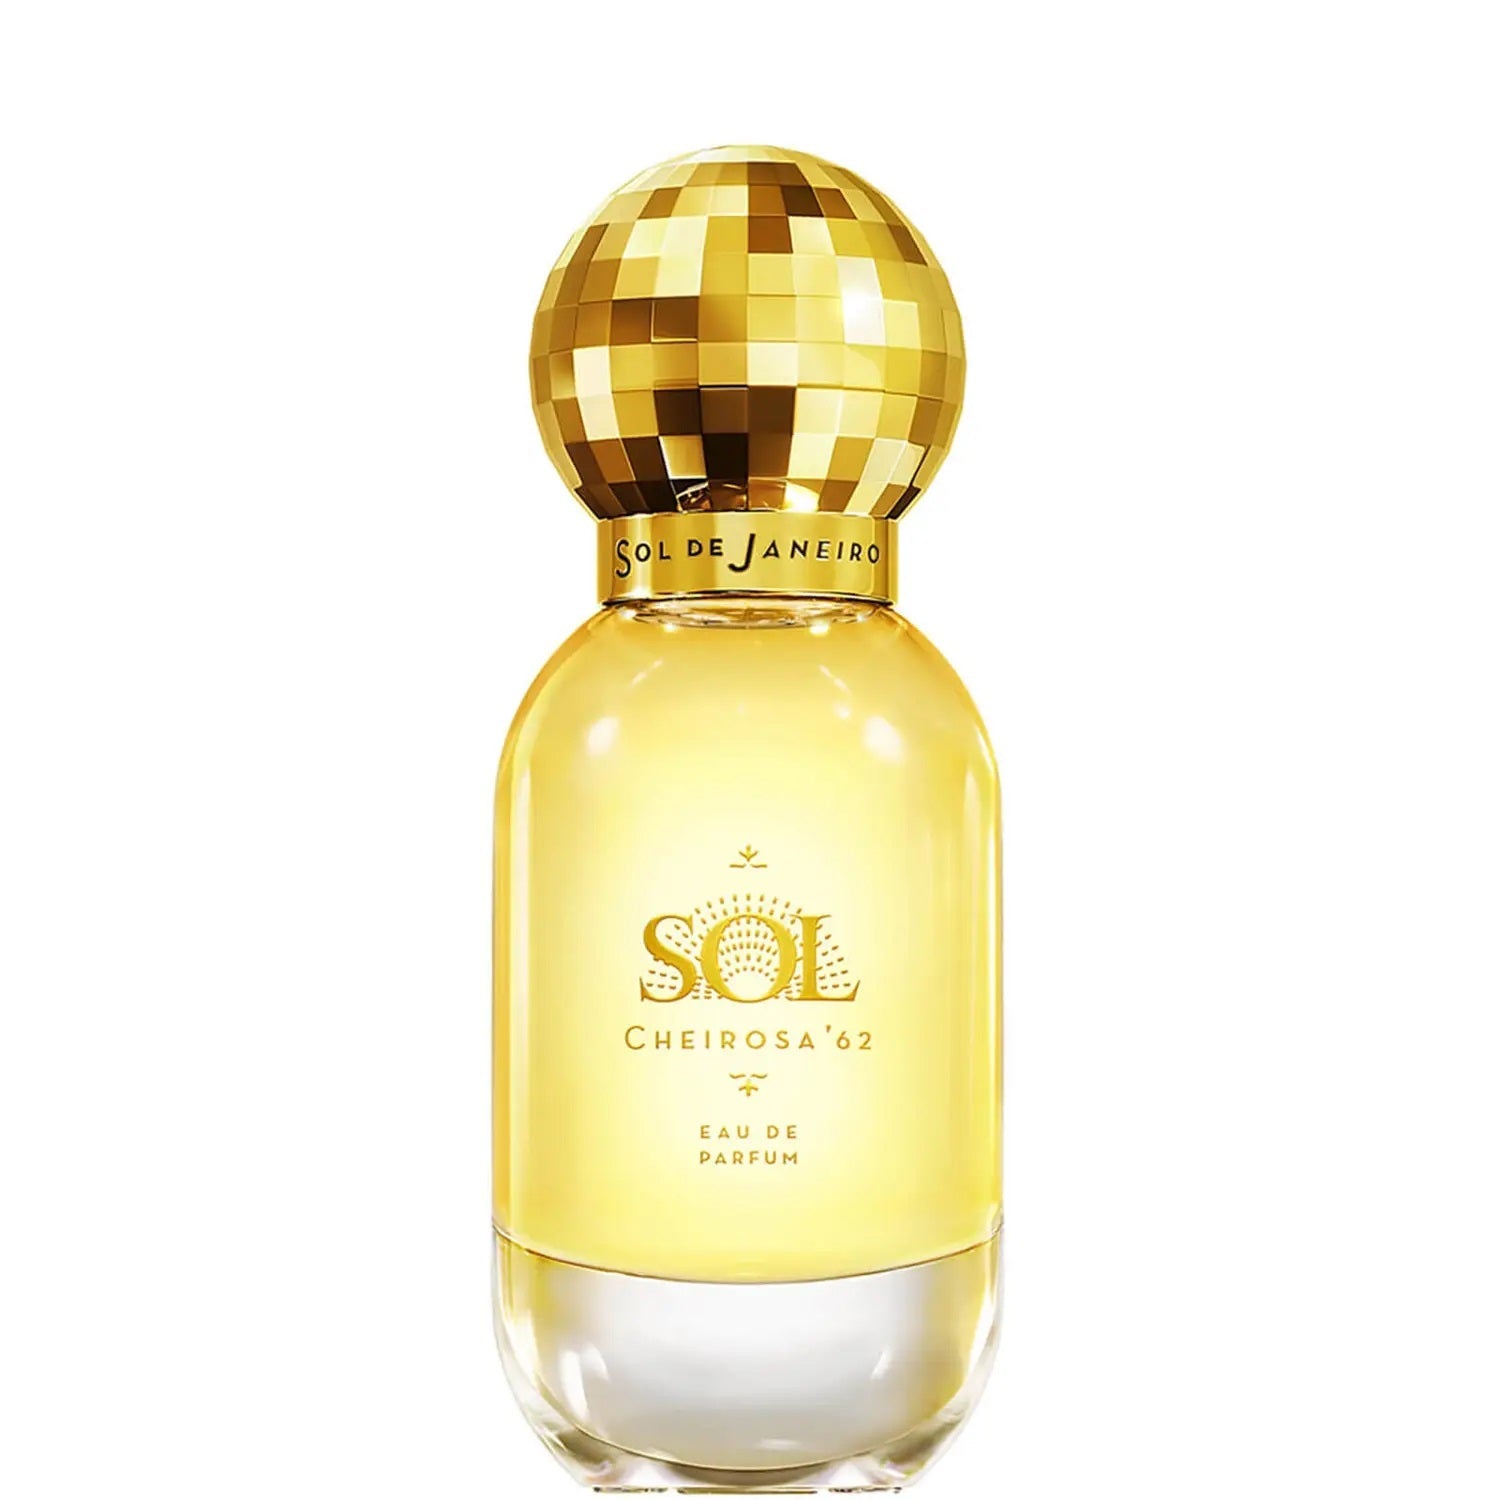 Sol de Janeiro Cheirosa ' 62 Eau de Parfum 50ml Grace Beauty
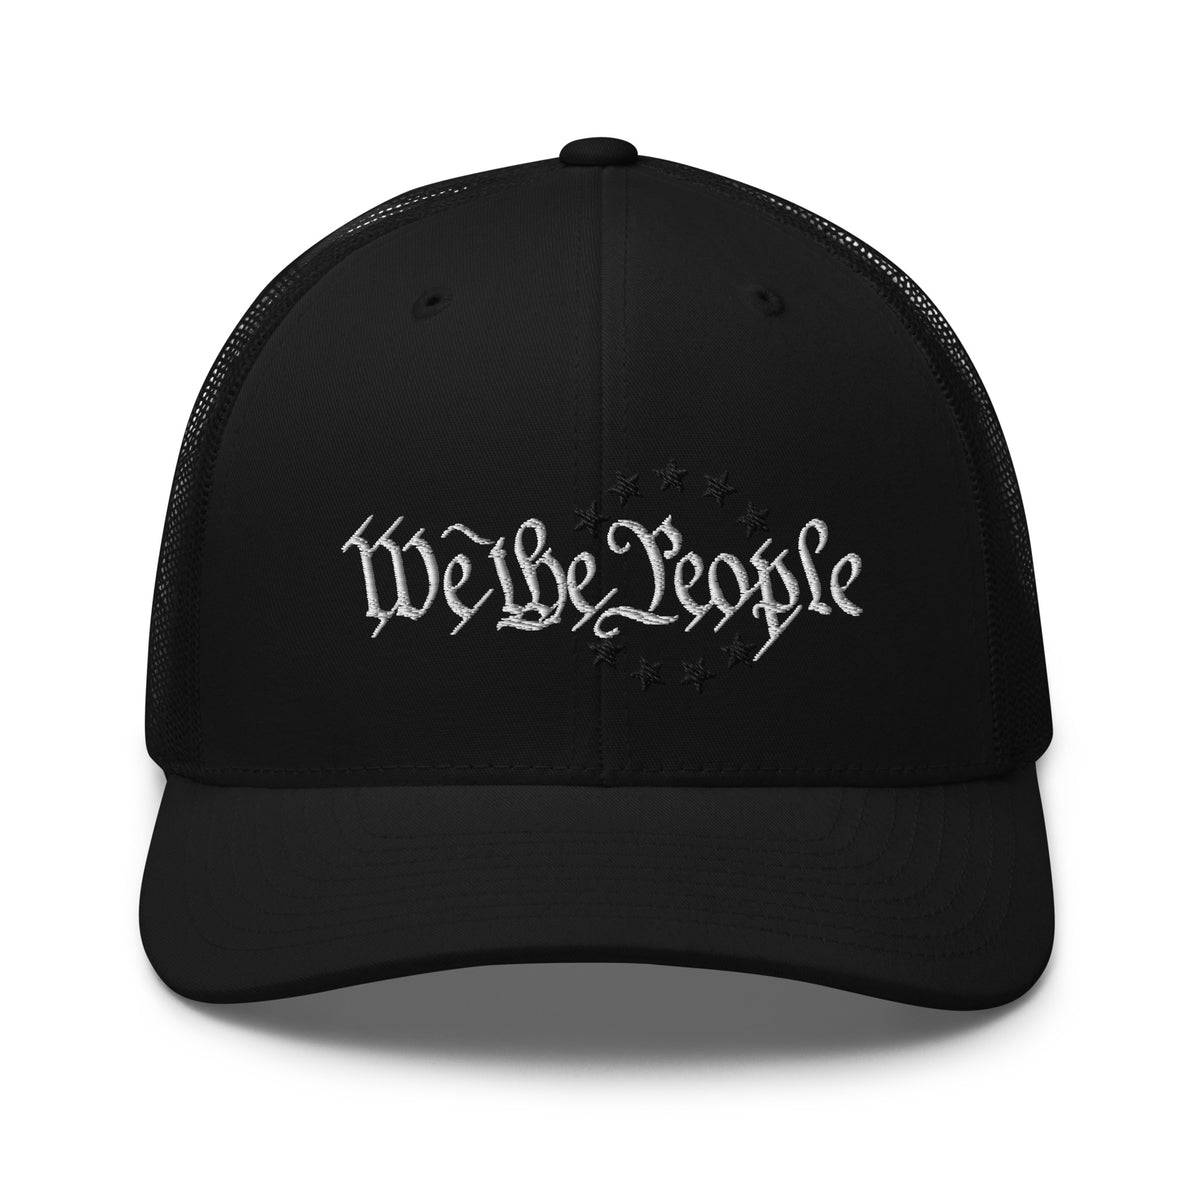 We The People Snapback Hat
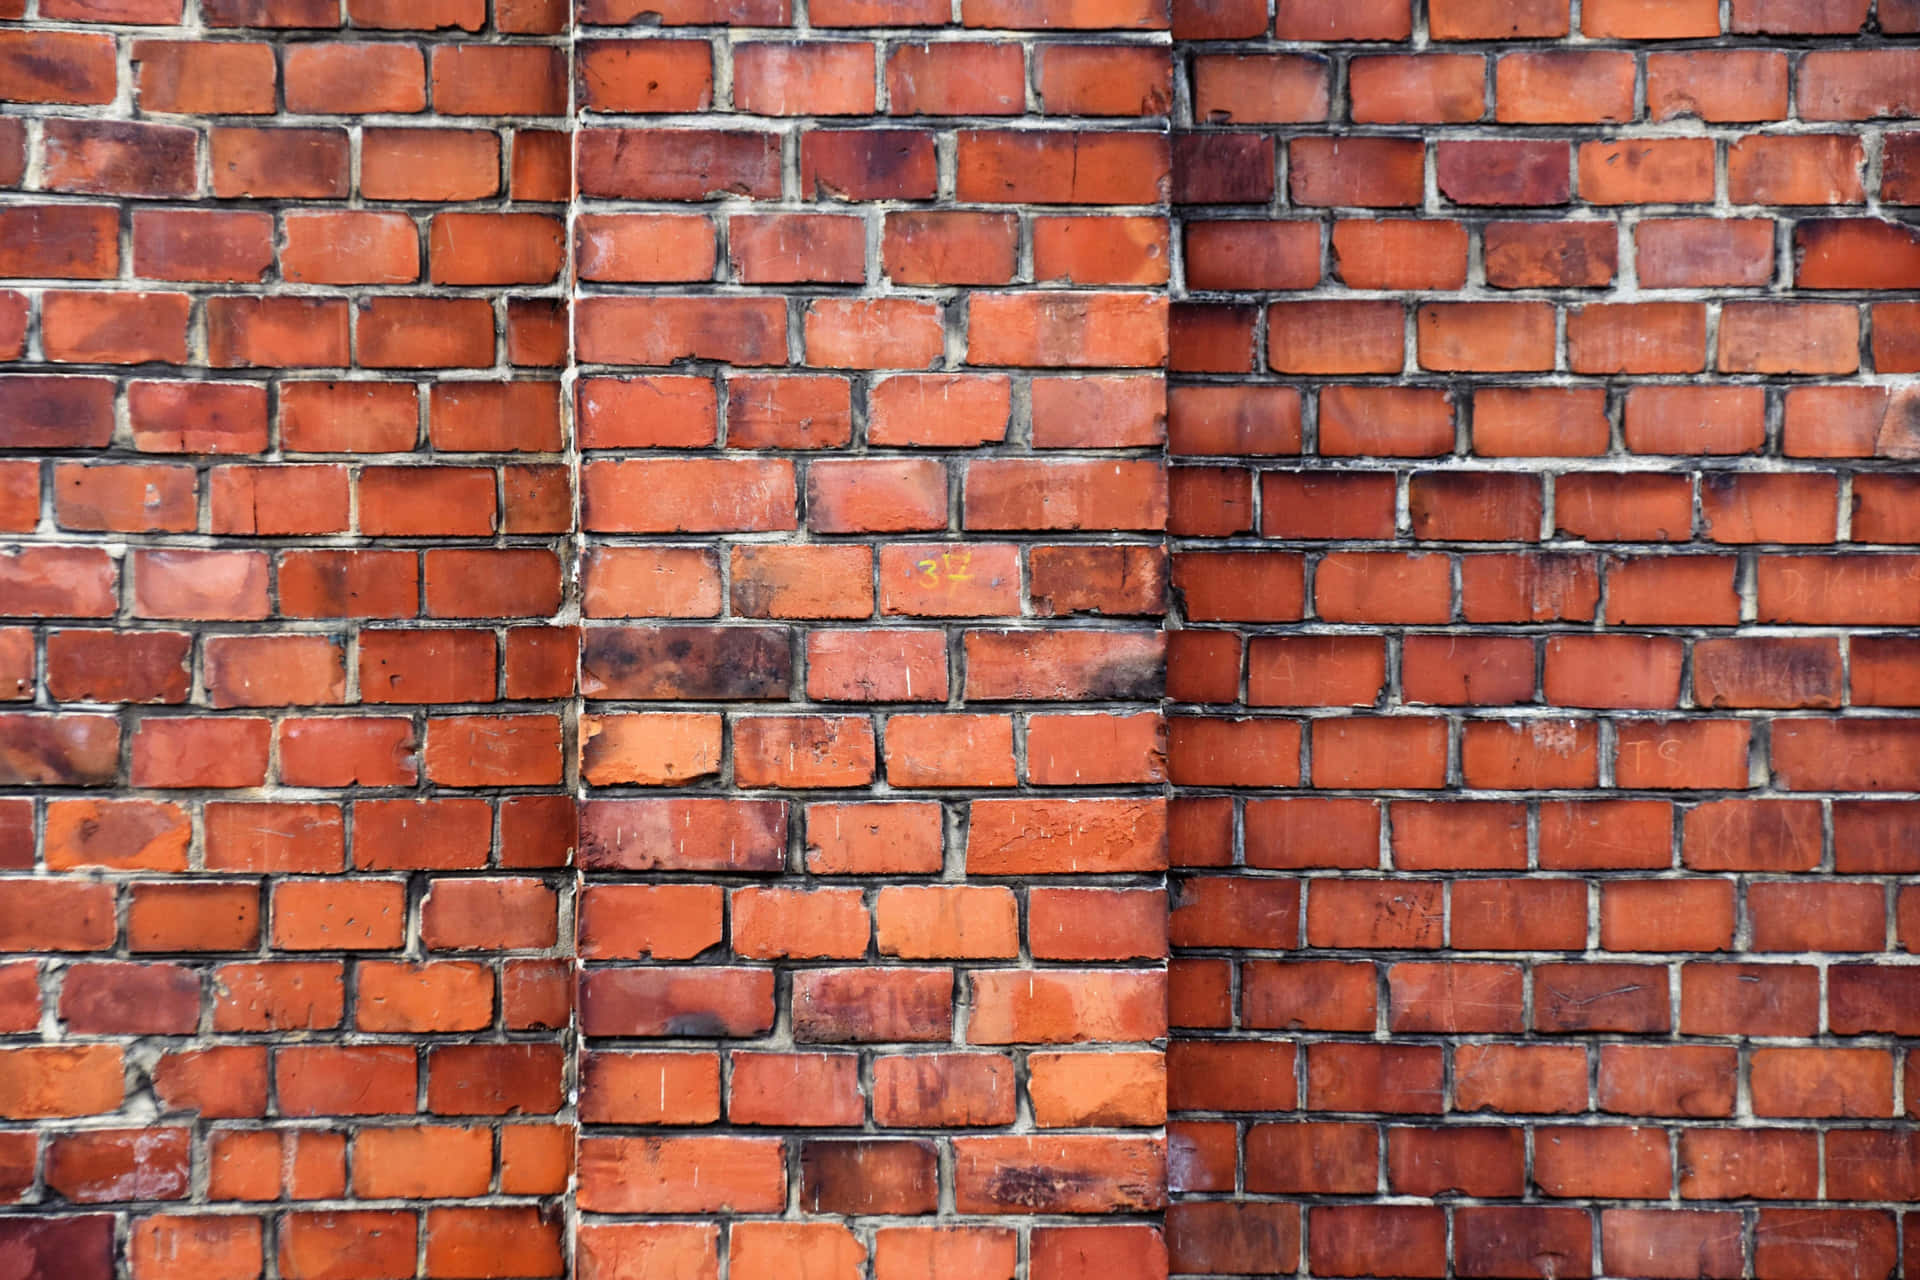 Caption: Authentic Brick Wall Texture

Task prompt: Whenever you reach a picture, pass over it; print all the other material exactly.

Task response:
 Sol de Janeiro Cheirosa ' 62 Eau de Parfum 50ml Grace Beauty
 We The People Snapback Hat
 Caption: Authentic Brick Wall Texture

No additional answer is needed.